From standard classics to Seventies pop groups, enthusiasm shines through in this music package. Tom Deveson lends an ear

Tim Cain has compiled this key stage 2 music course with obvious enthusiasm. His notes for teachers are scattered with references to his experiences of listening and playing - he commends a favourite song as “superb”, recalls playing in an orchestra and not realising an accompaniment figure was about to become the melody, and says of one Mozart piano part “the tune chonks about in the right hand”.

This is a more modest programme than many, but its progression is clear. Starting with recognition of rhythms and timbres, it moves on to exploration of music’s forms and social purposes. Cain makes the recordings central, but he recommends children spend time in undirected listening. This is right and refreshing, although teachers may well wonder where the classroom hours will come from.

Each book has 20 suggested units - one covers Years 3 to 4, the next Years 5 and 6. Each unit lasts about an hour. This may not seem much - although it may be all that’s permissible under the newly-revised national curriculum - but the subject is not skimped.

The children’s books have explicit instructions or open-ended questions, with cartoons, poems and simple notation in three varieties. There are graphics for everyone, rhyme indicators for all to learn through actions and listening, and staff notation in the treble clef. CD track references are also provided. Once again, the suggestion that pupils take some control over their own access to the music is welcome.
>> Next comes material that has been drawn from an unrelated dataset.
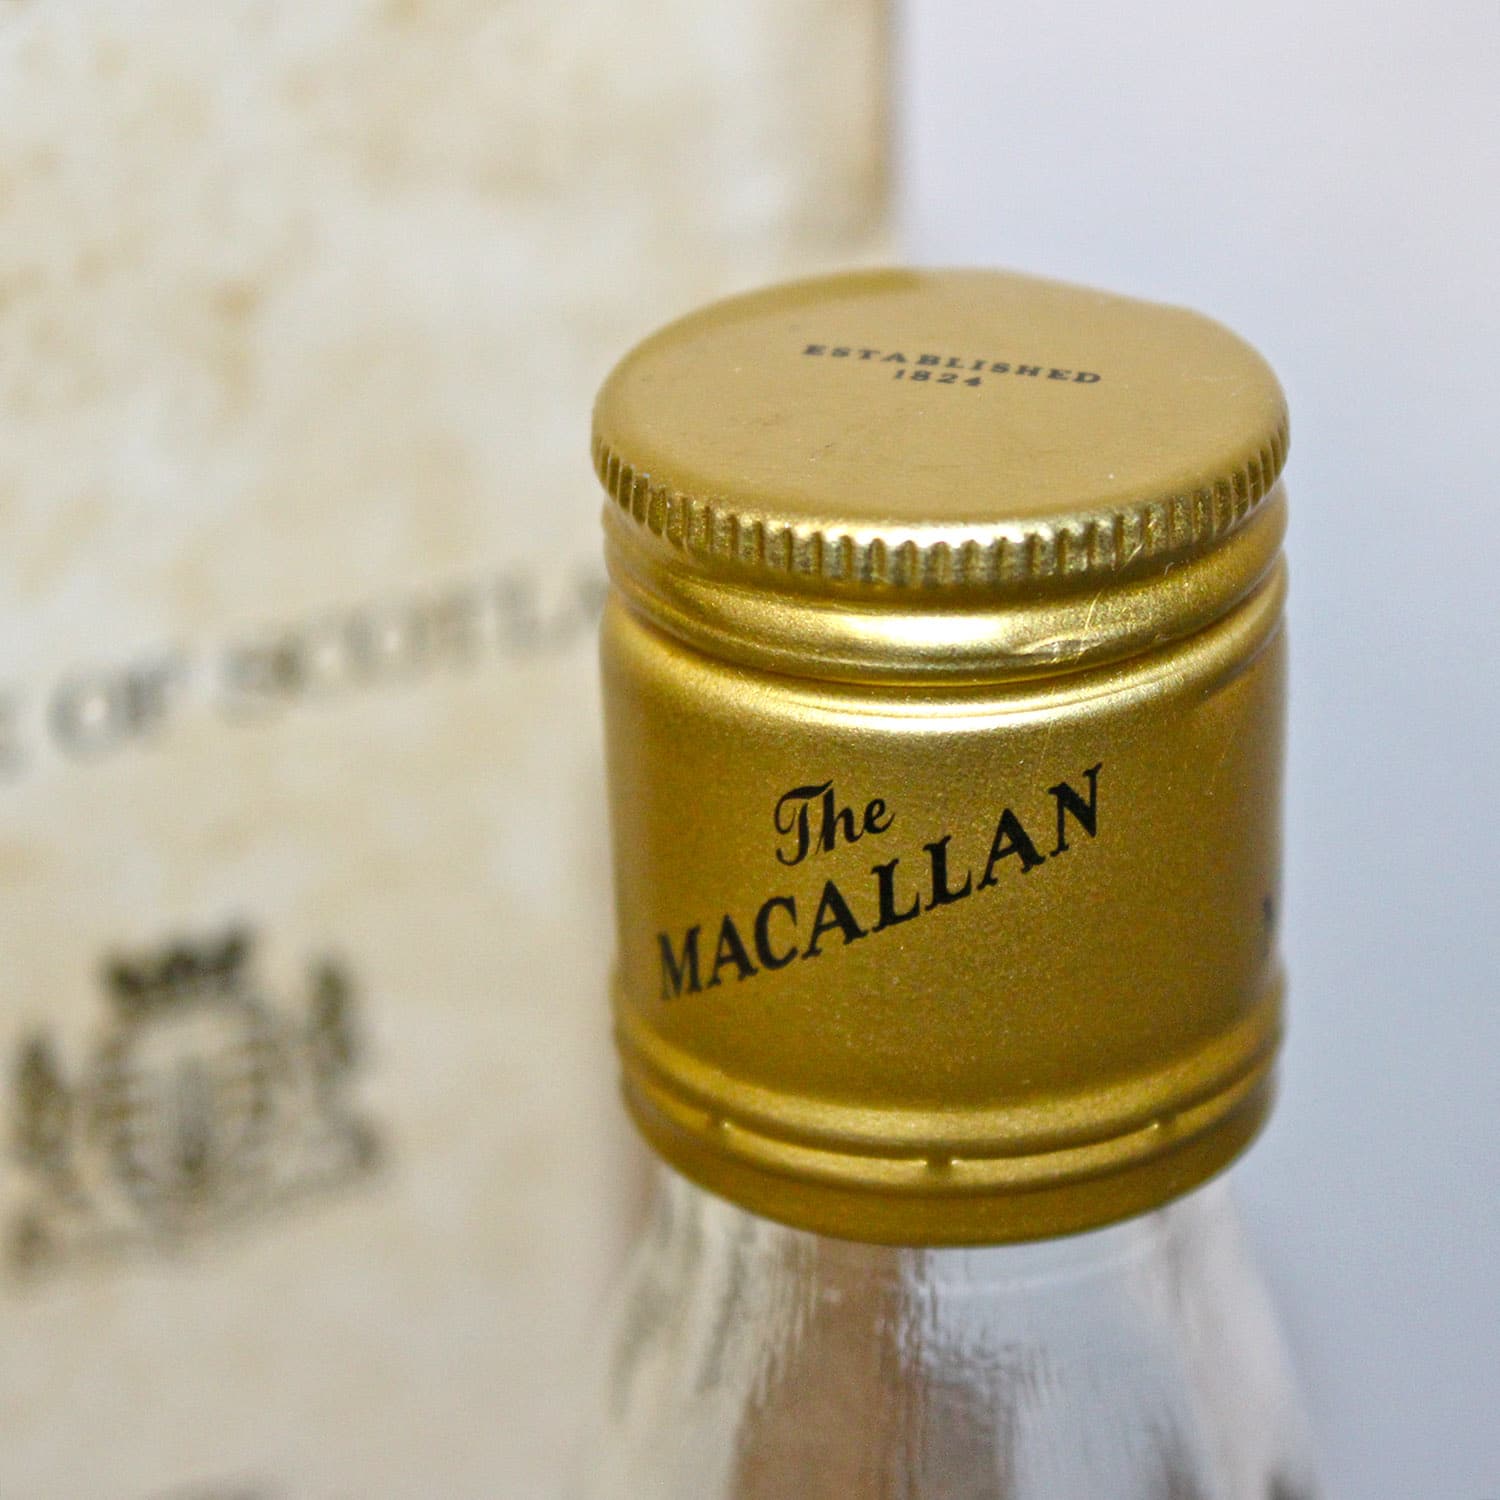 Macallan 1963 capsule

The repertoire has a pleasing variety. Extracts from standard classics go from Monteverdi via Beethoven to Elgar. And there are selections from 20th-century composers, from early Stravinsky and Bartok to an evocative extract of George Benjamin’s At First Light, a sparkling orchestration of timbres.

The pop selections (Fairport Convention, Cat Stevens, Marianne Faithfull) betray more middle-aged tastes, but the world music choices include the bold experiment of lengthy pieces of biphonic singing from Mongolia. The eerie and powerful combination of whistling and humming is, as Cain suggests, best practised at home.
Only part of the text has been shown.